Collected material:
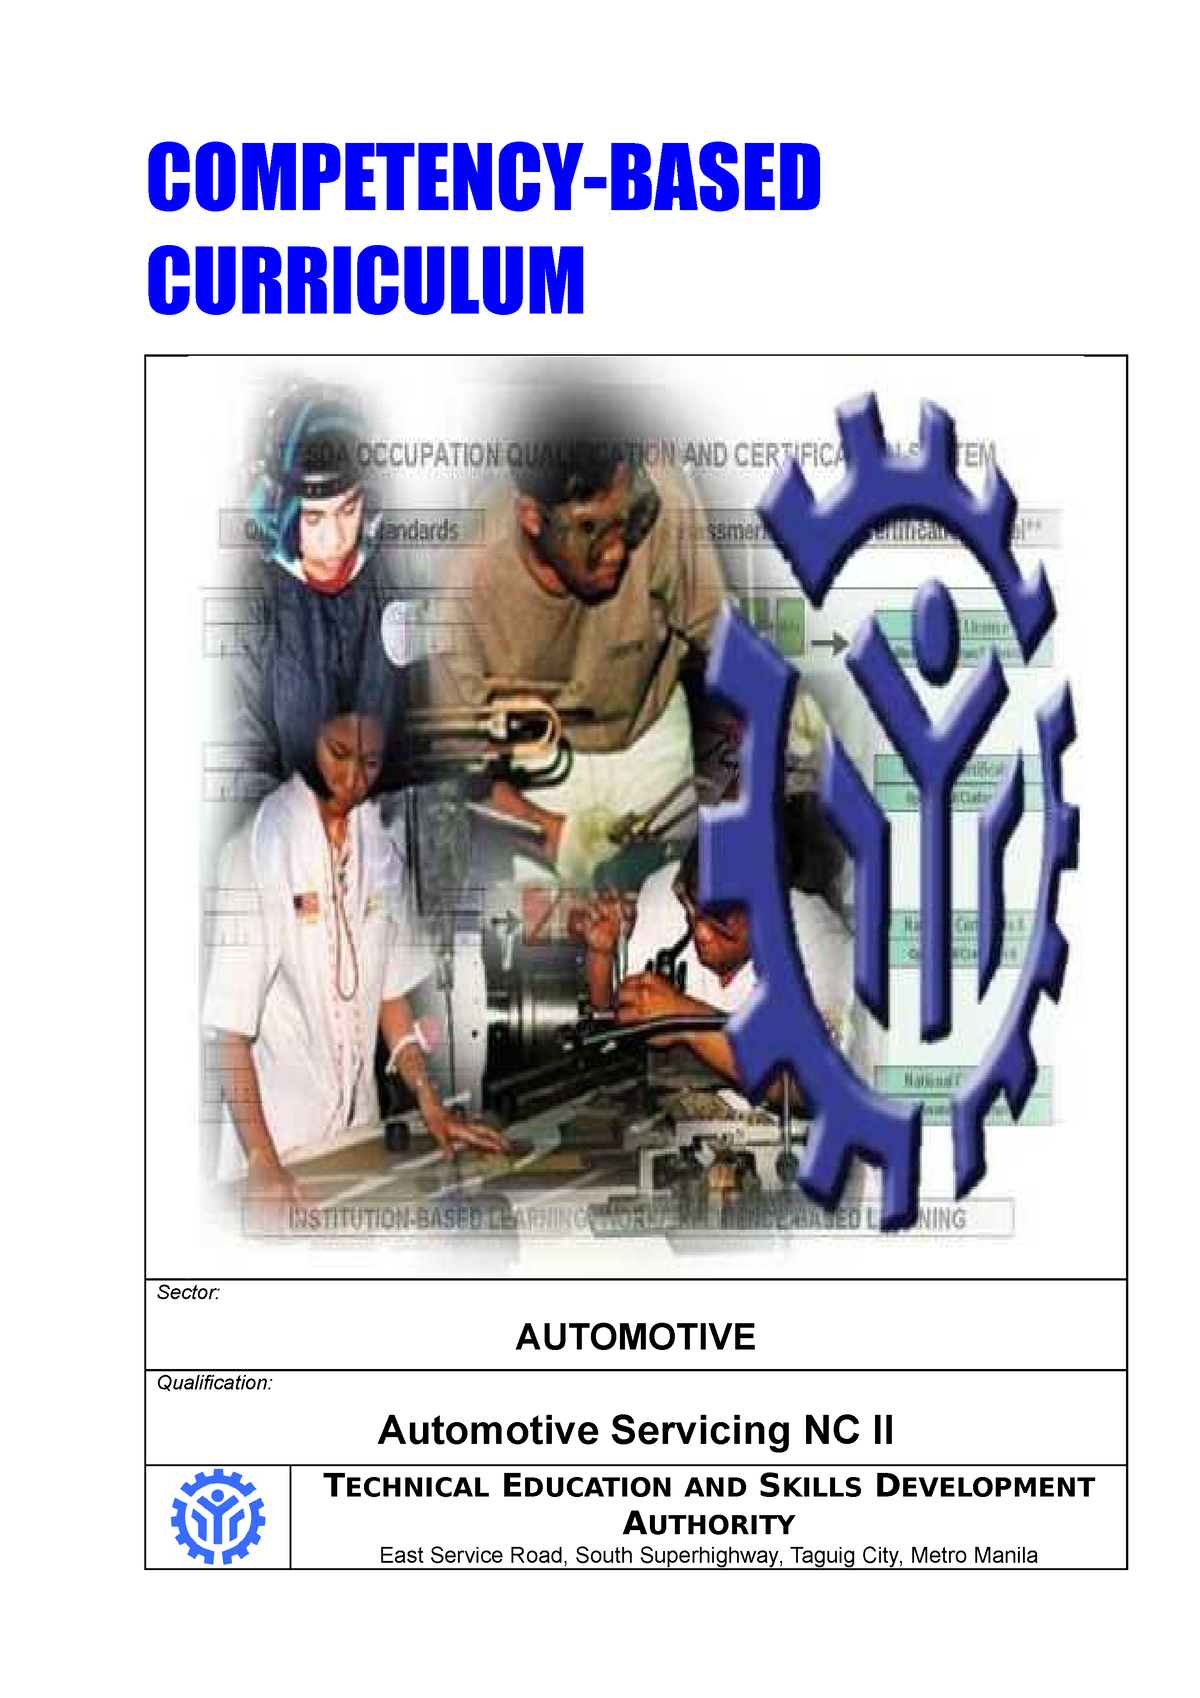 thesis about automotive servicing
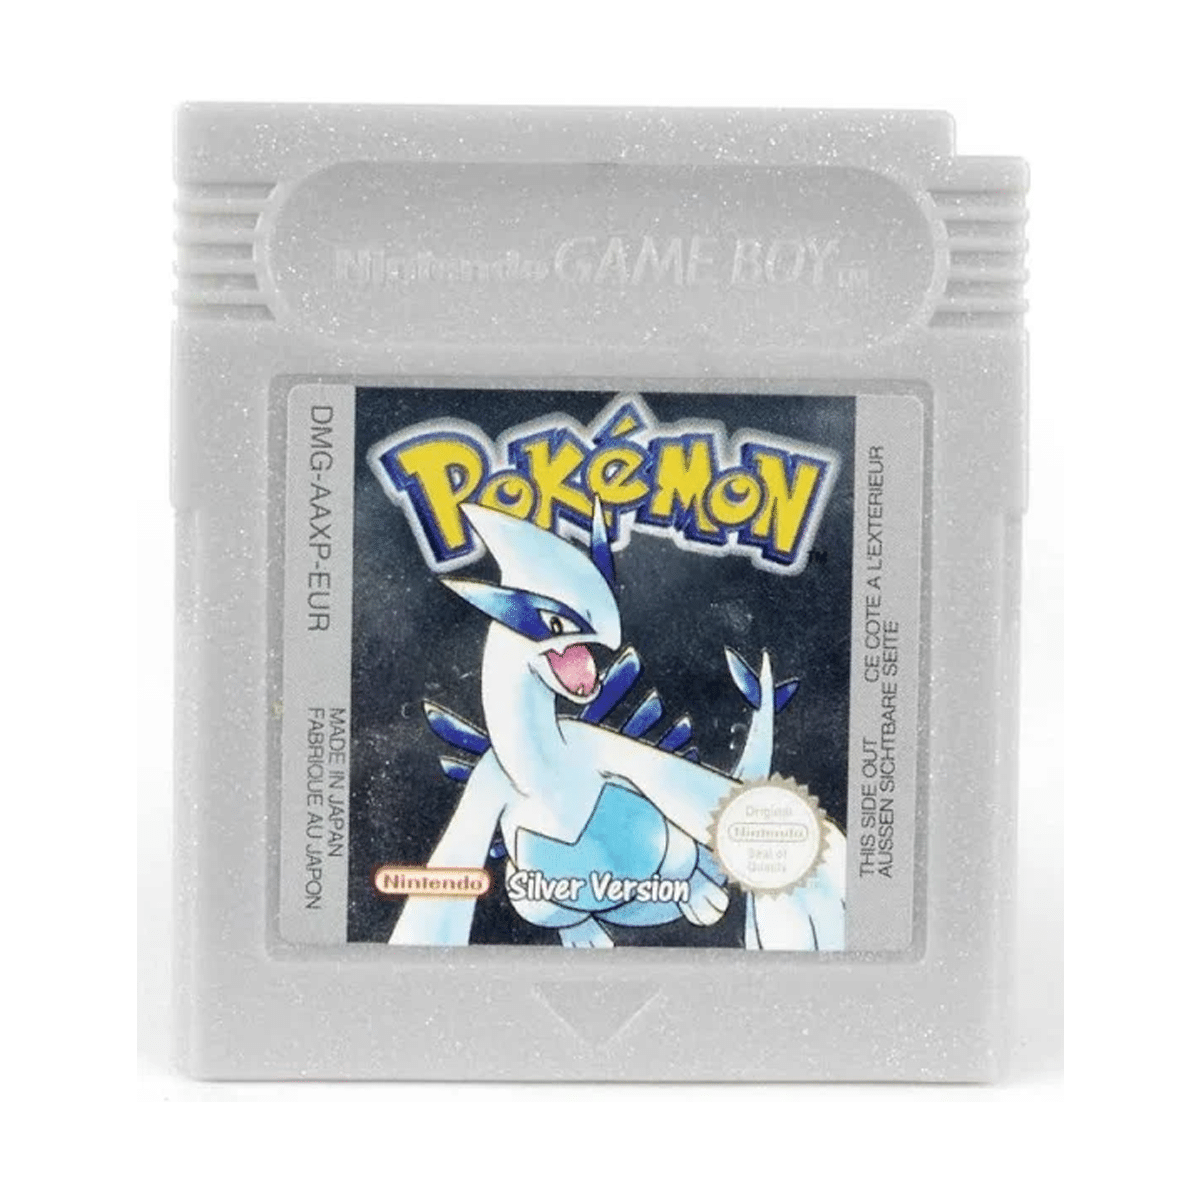 Pokémon - Game Boy Color Spil -
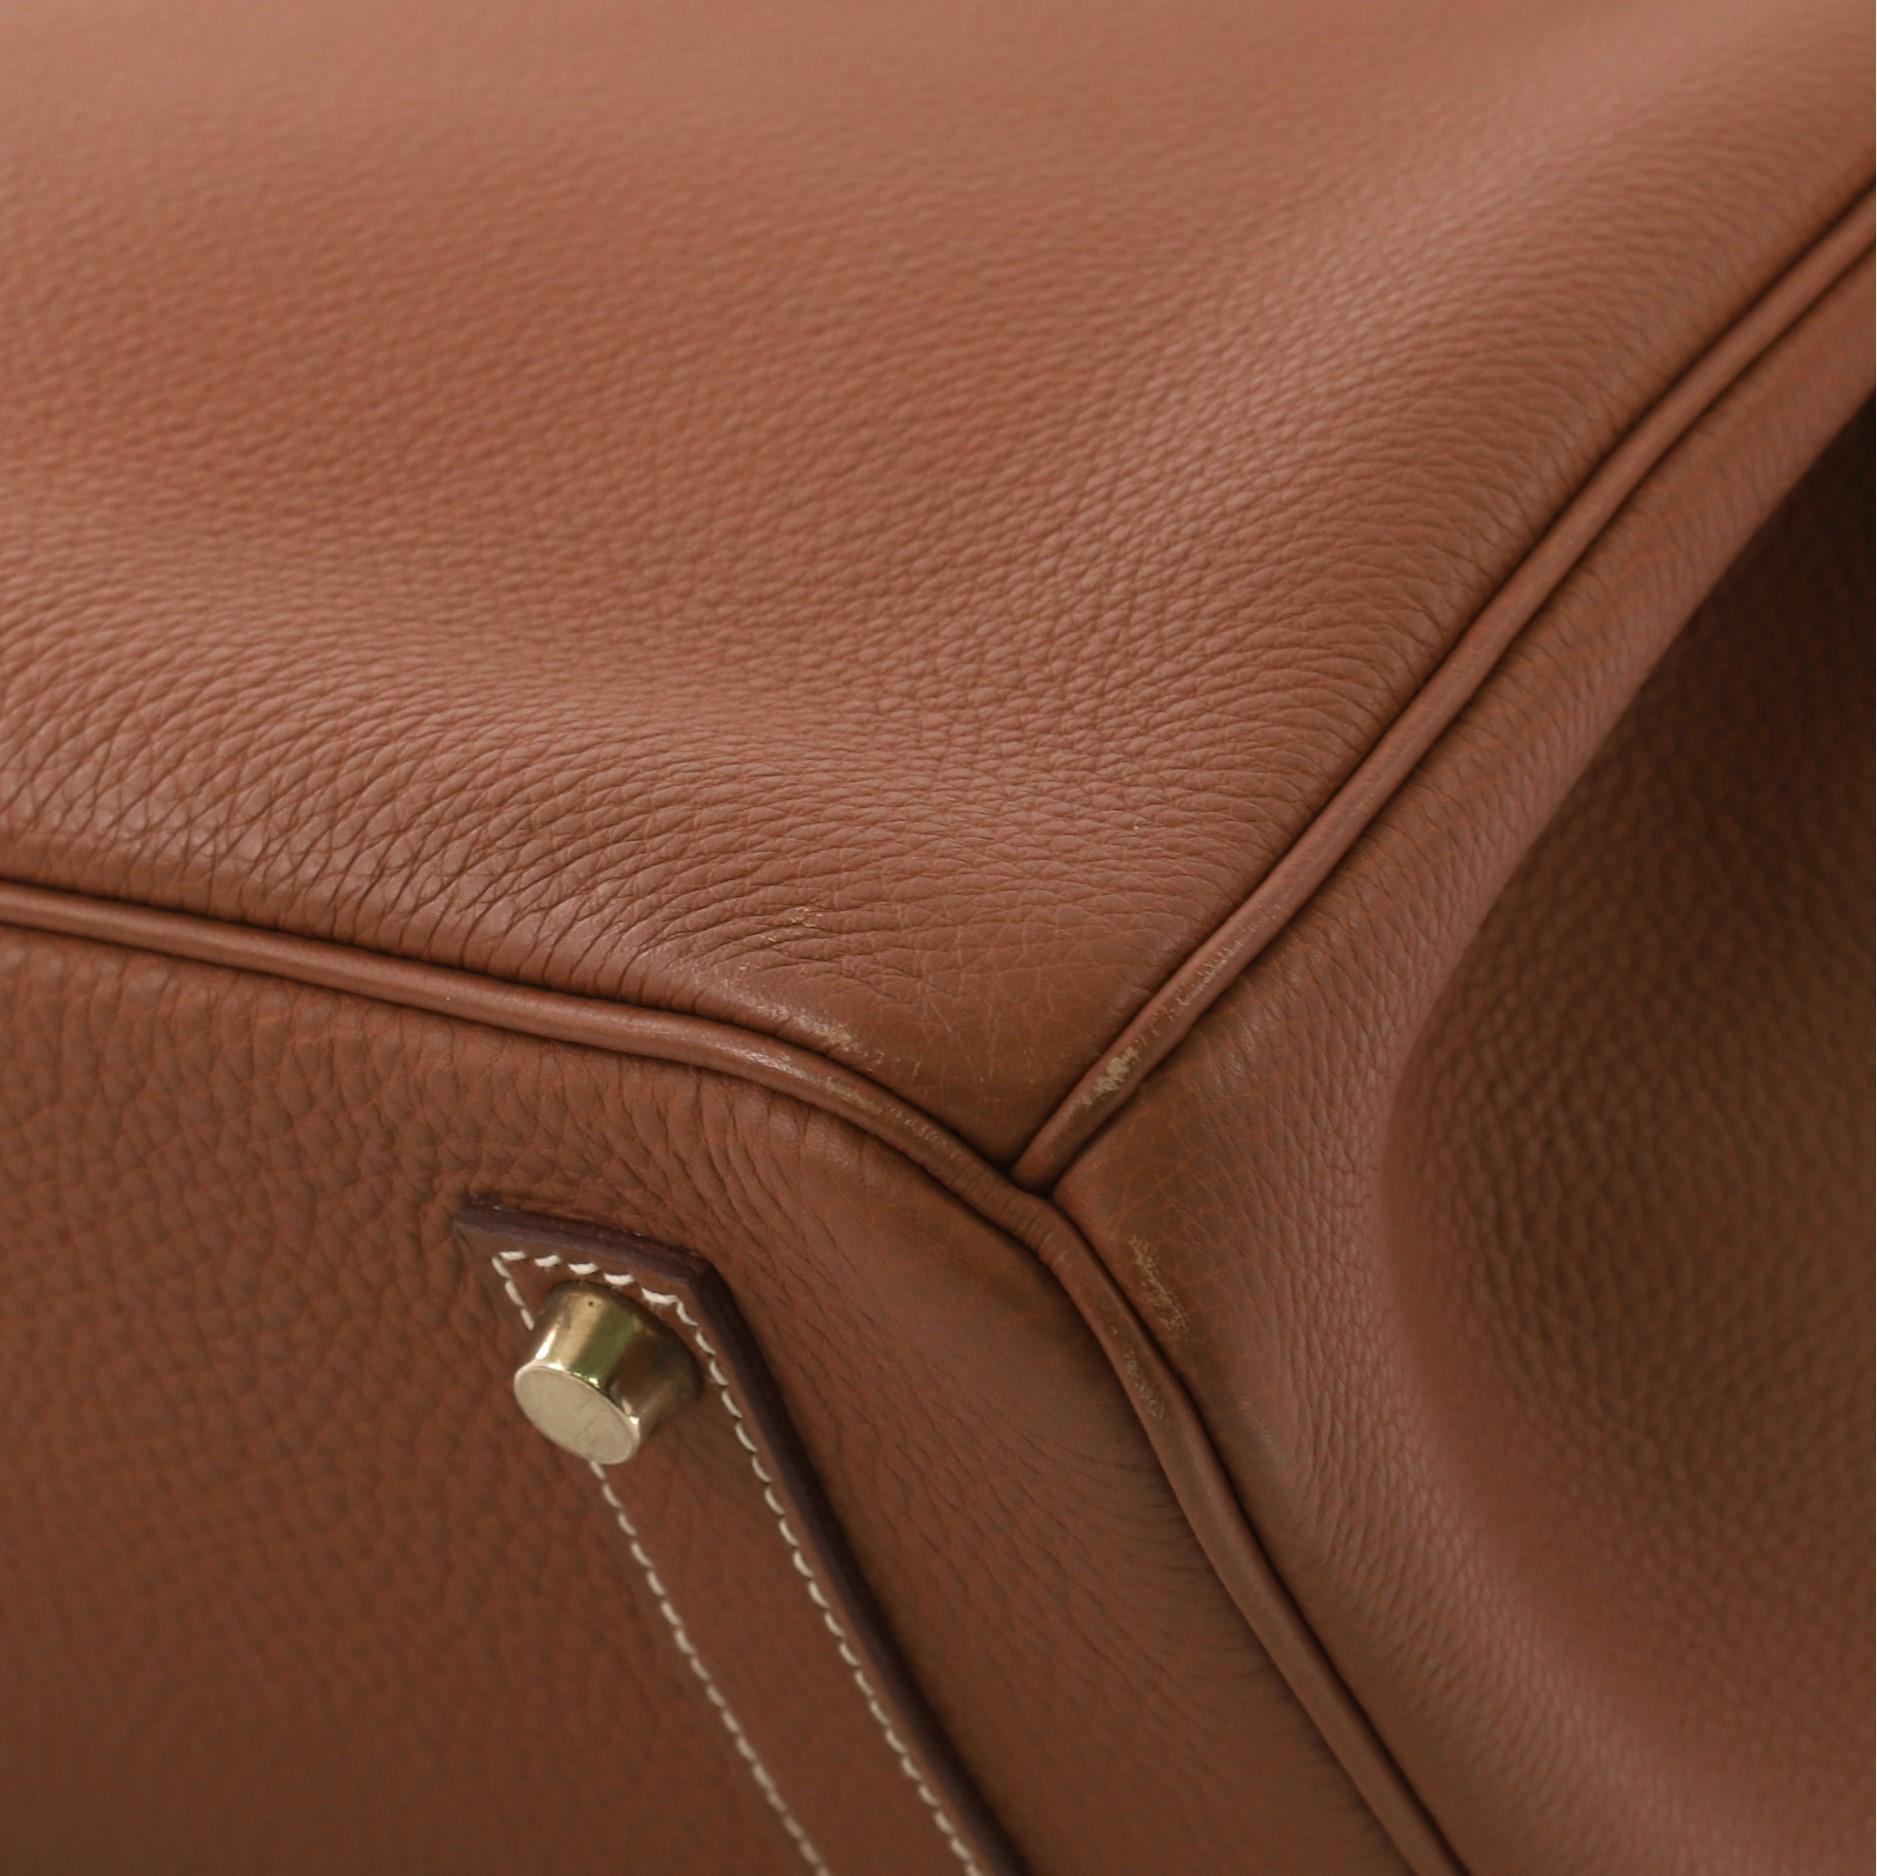 Hermes Birkin Handbag Gold Togo with Gold Hardware 35 4

Description of the task:
What you print must be exactly the lines from the one containing "Pokémon - Game" through the last line of the material, and no pictures.

Solution below:
 Pokémon - Game Boy Color Spil -
 Hermes Birkin Handbag Gold Togo with Gold Hardware 35 4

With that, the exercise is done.